> _Your objective_: When you reach the line with "Jeffrey Hargrave: Afro-Matisse", transcribe it and each line after it through the last one below, exactly. Pictures stay out.

> _Dataset section_:
◇ ◇ ◇ ◇ ◇ ◇ ◇
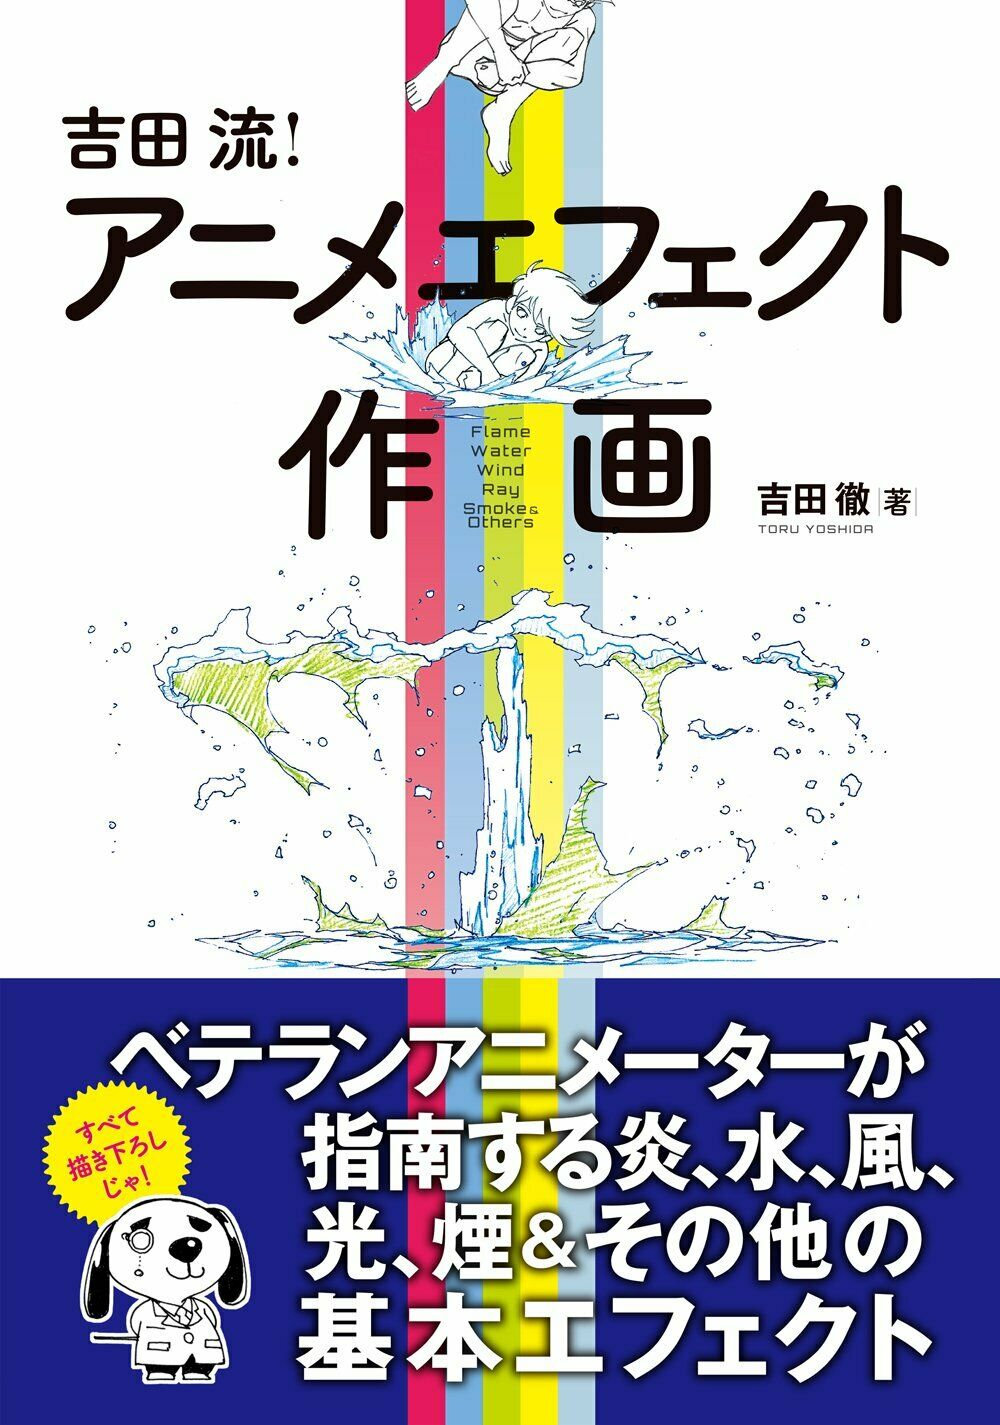 NEW' How To Draw Manga Toru Yoshida Anime Effect Drawing Technique | Japan Book
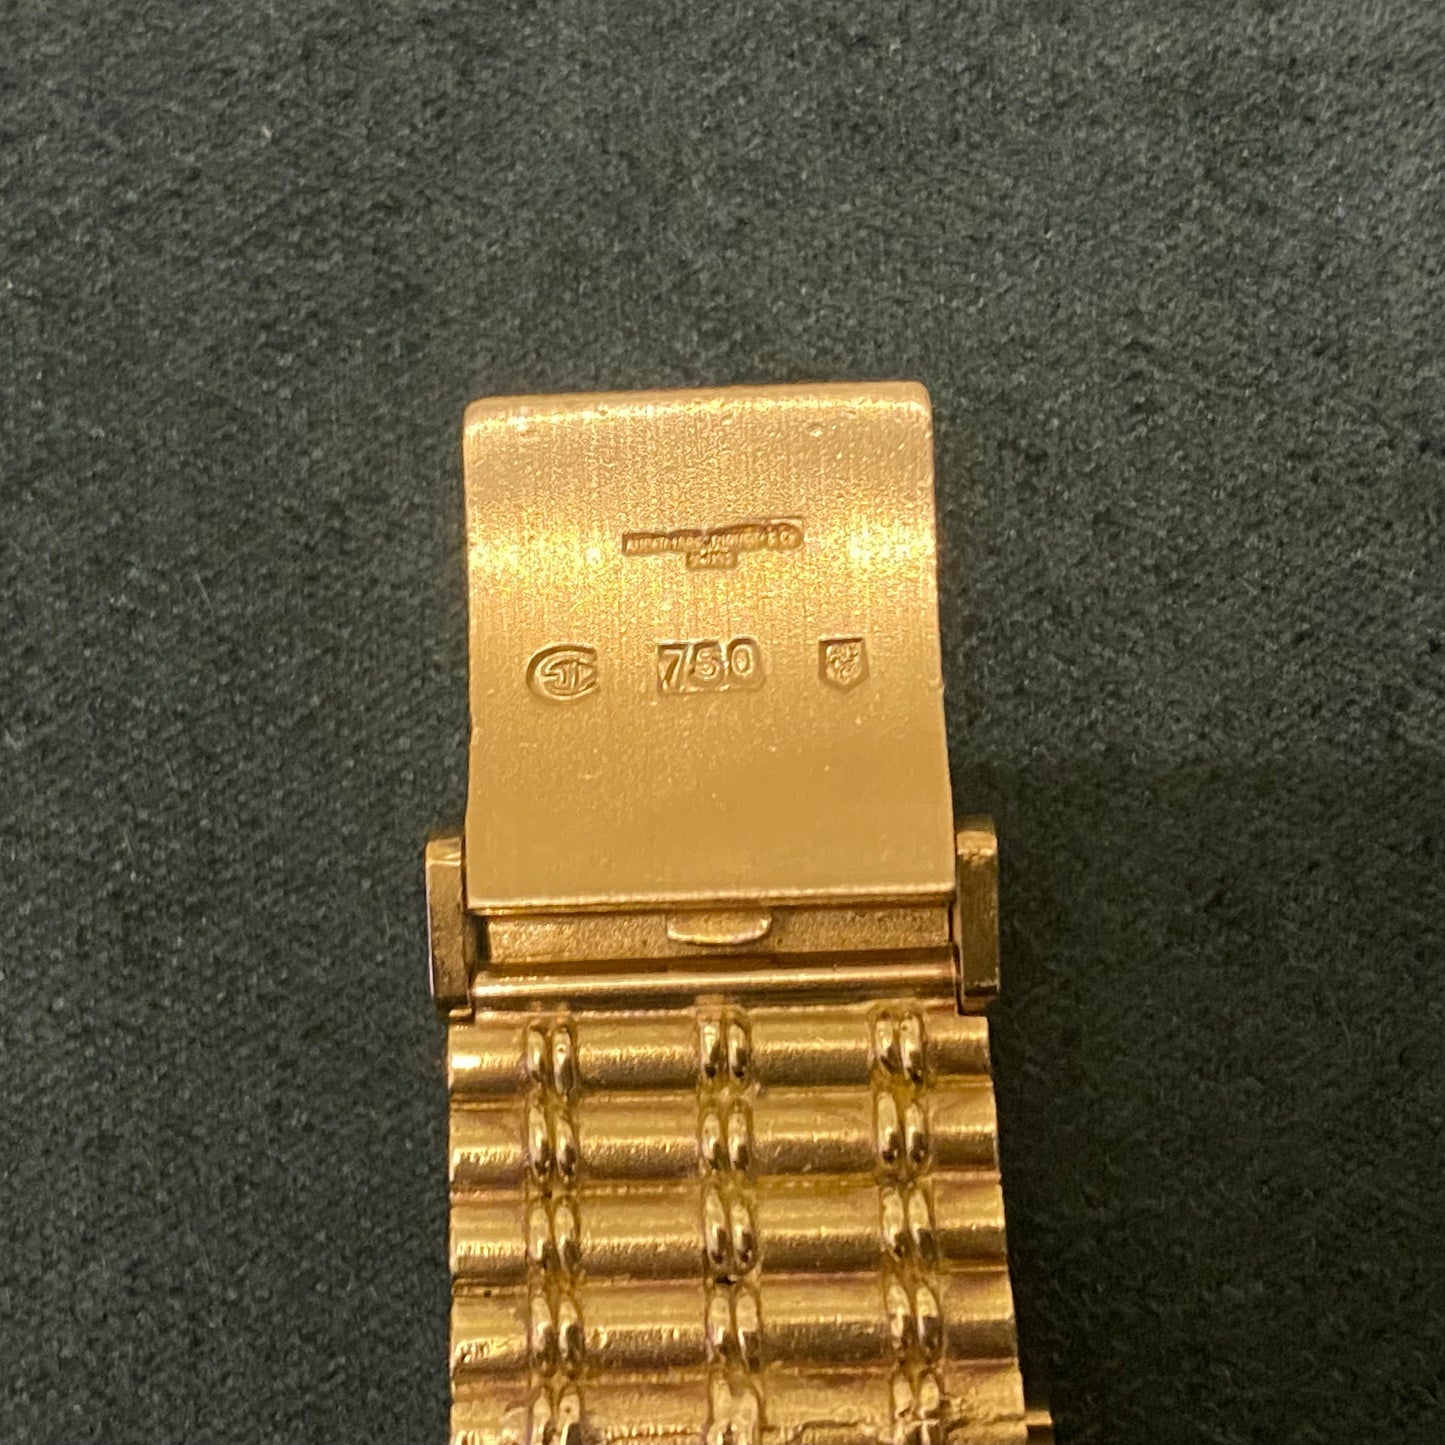 Audemars Piguet Bamboo Paved Diamond QZ Watch - PM Vintage Watches -
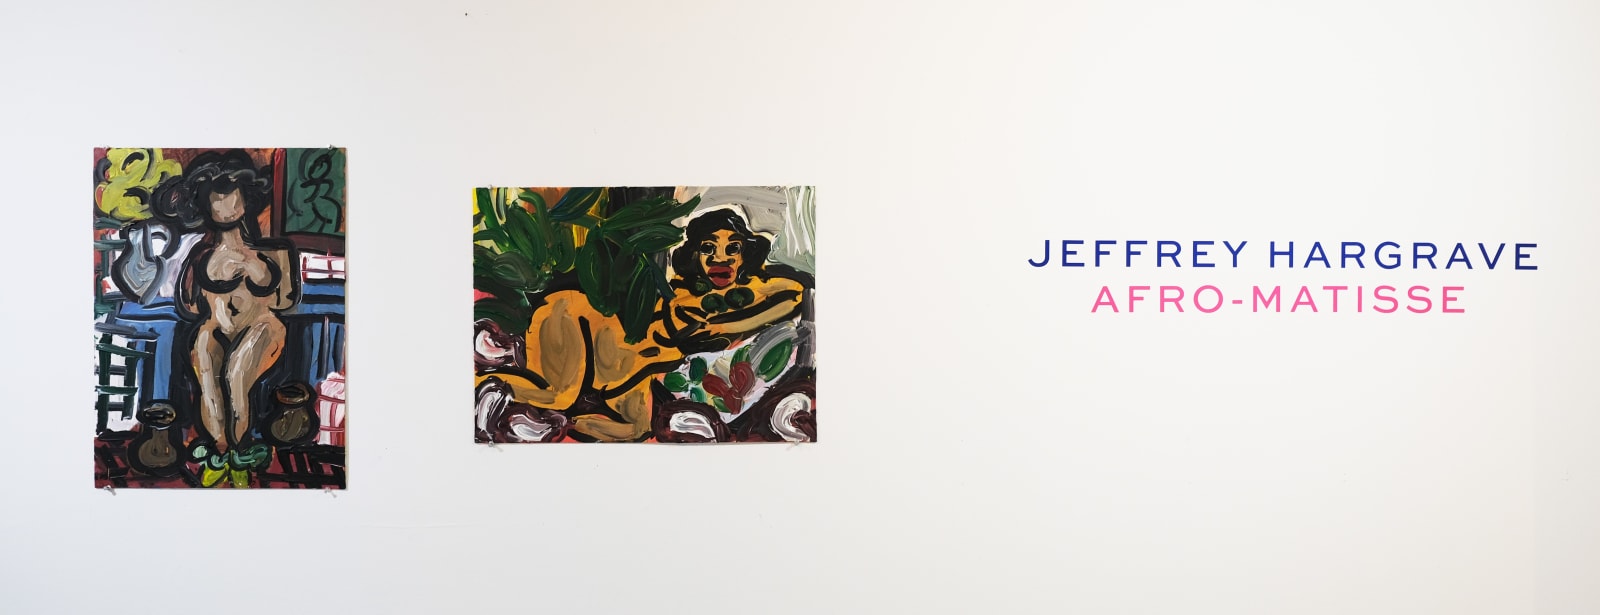 Jeffrey Hargrave: Afro-Matisse
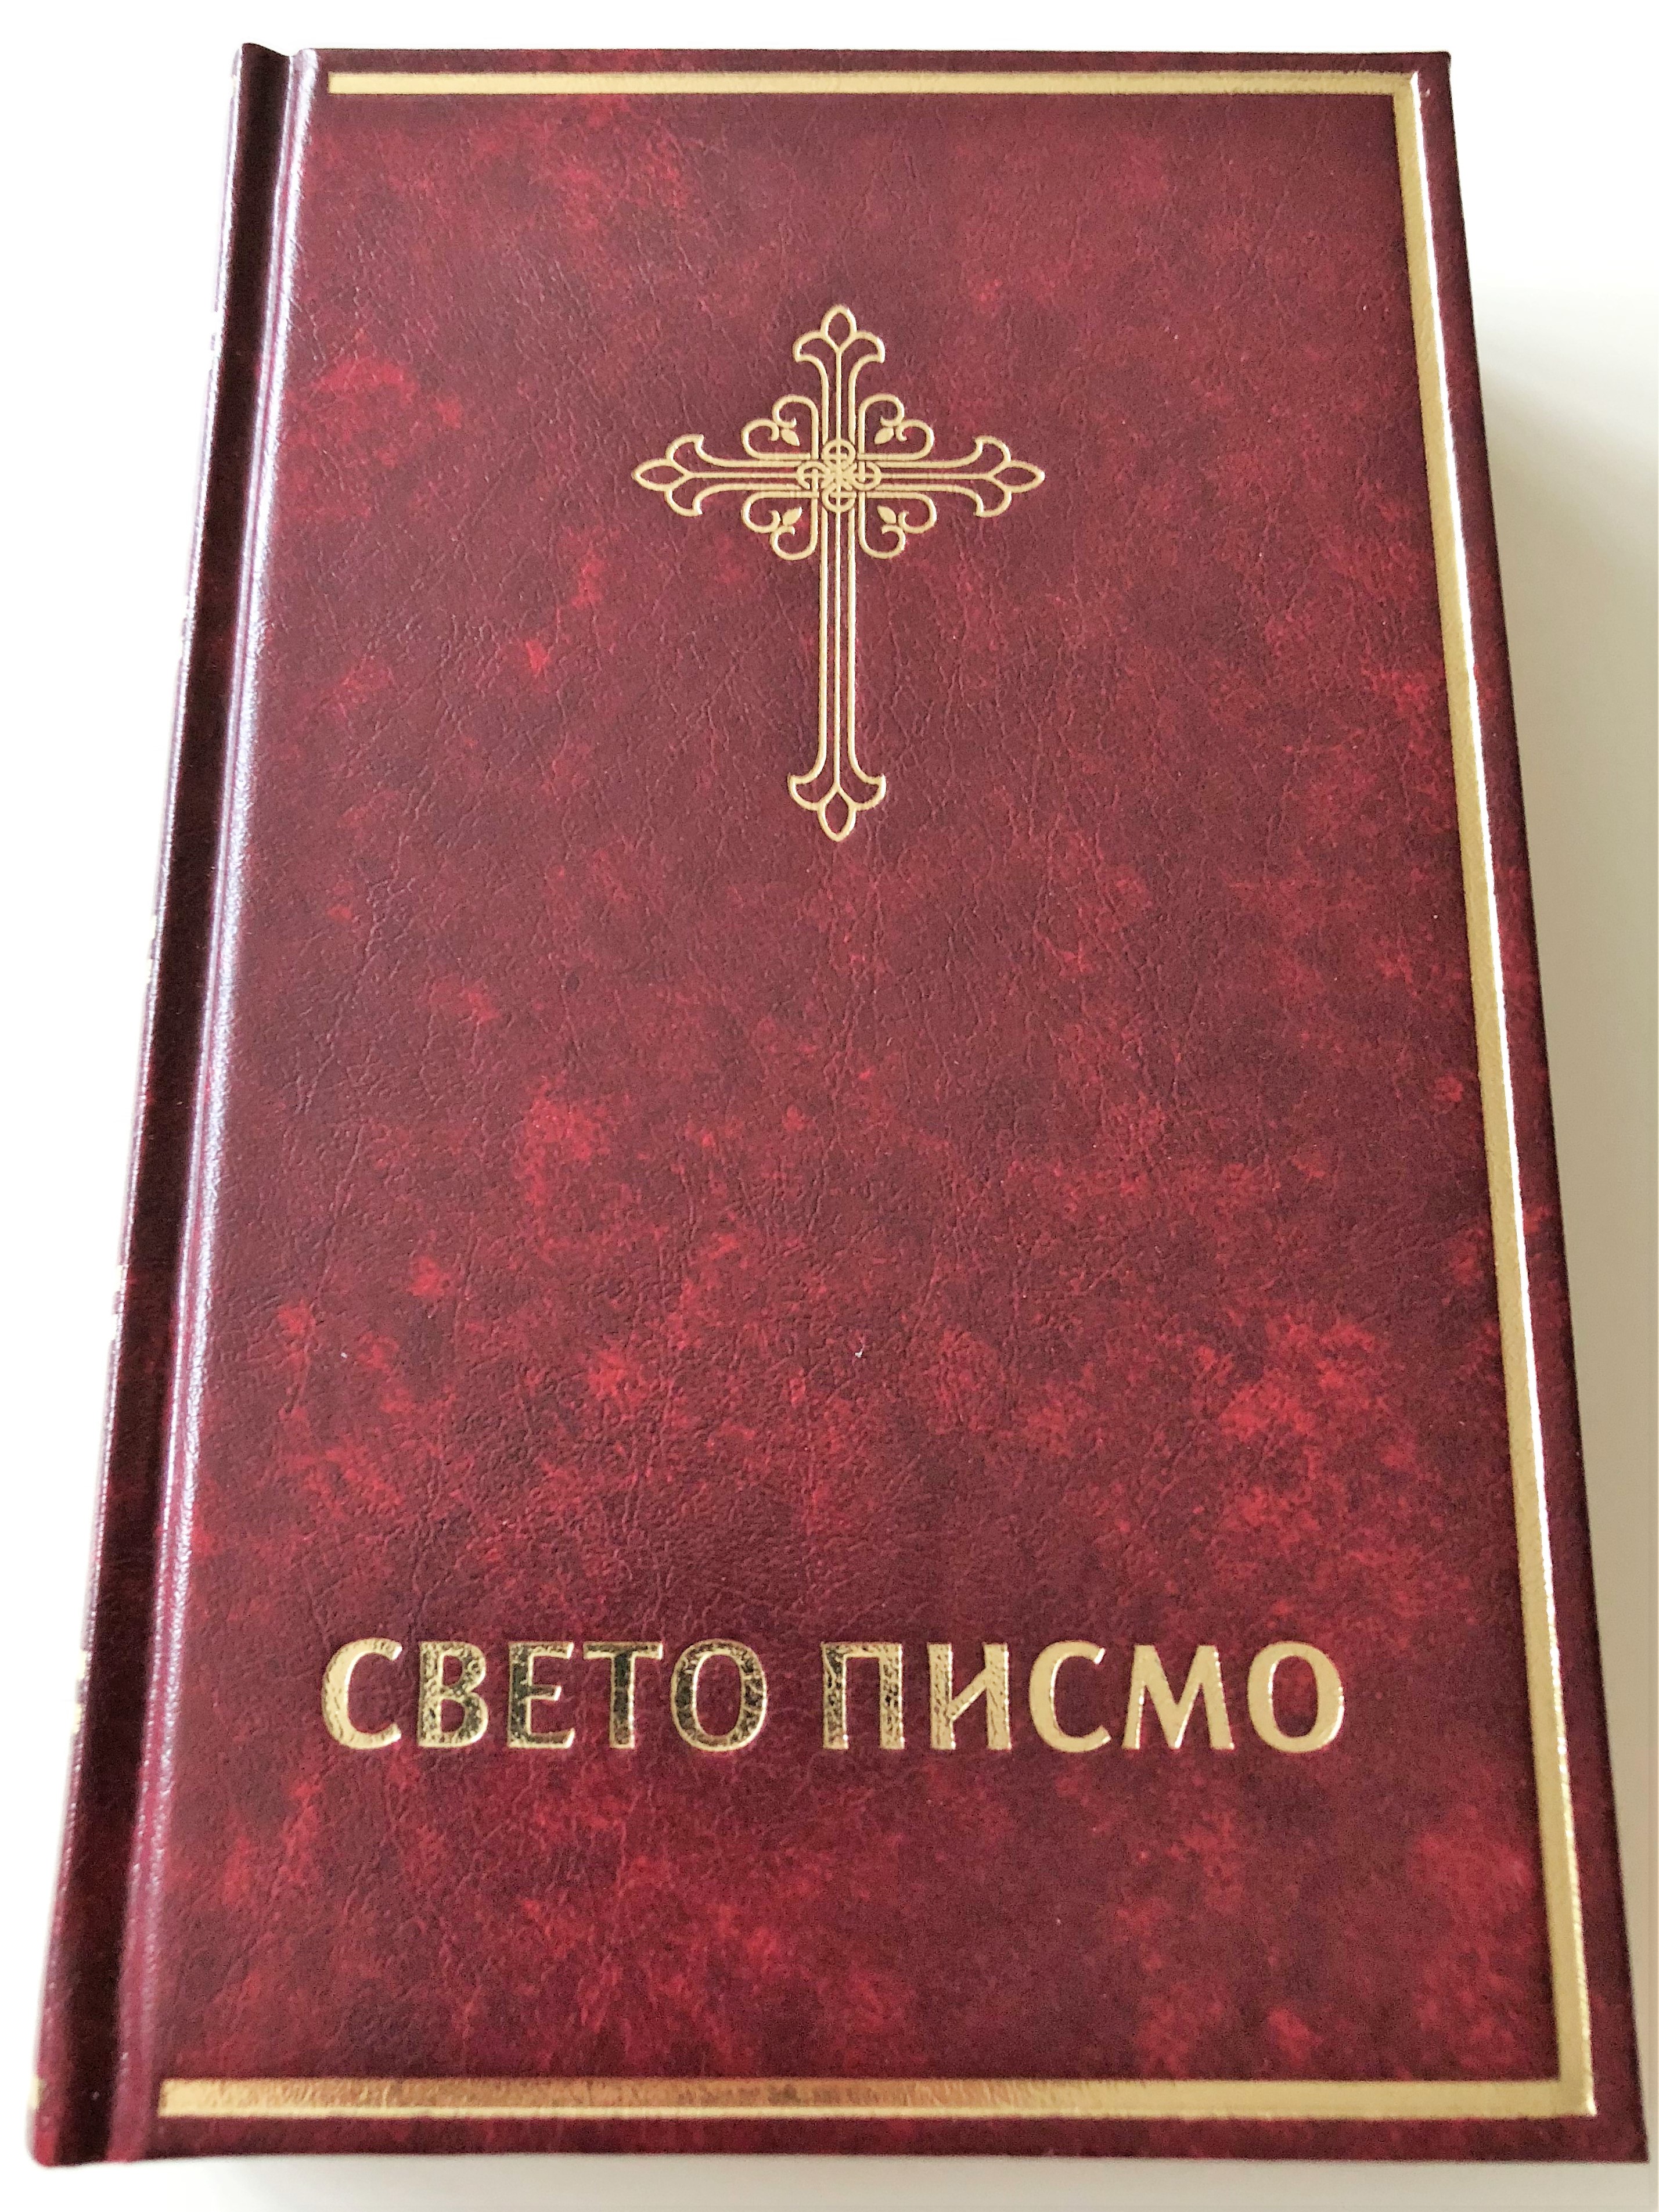 serbian-language-bible-burgundy-cover-with-golden-cross-cyrillic-script-043hs-5-.jpg
◇ ◇ ◇ ◇ ◇ ◇ ◇
> _Task output_:
 Jeffrey Hargrave: Afro-Matisse
 serbian-language-bible-burgundy-cover-with-golden-cross-cyrillic-script-043hs-5-.jpg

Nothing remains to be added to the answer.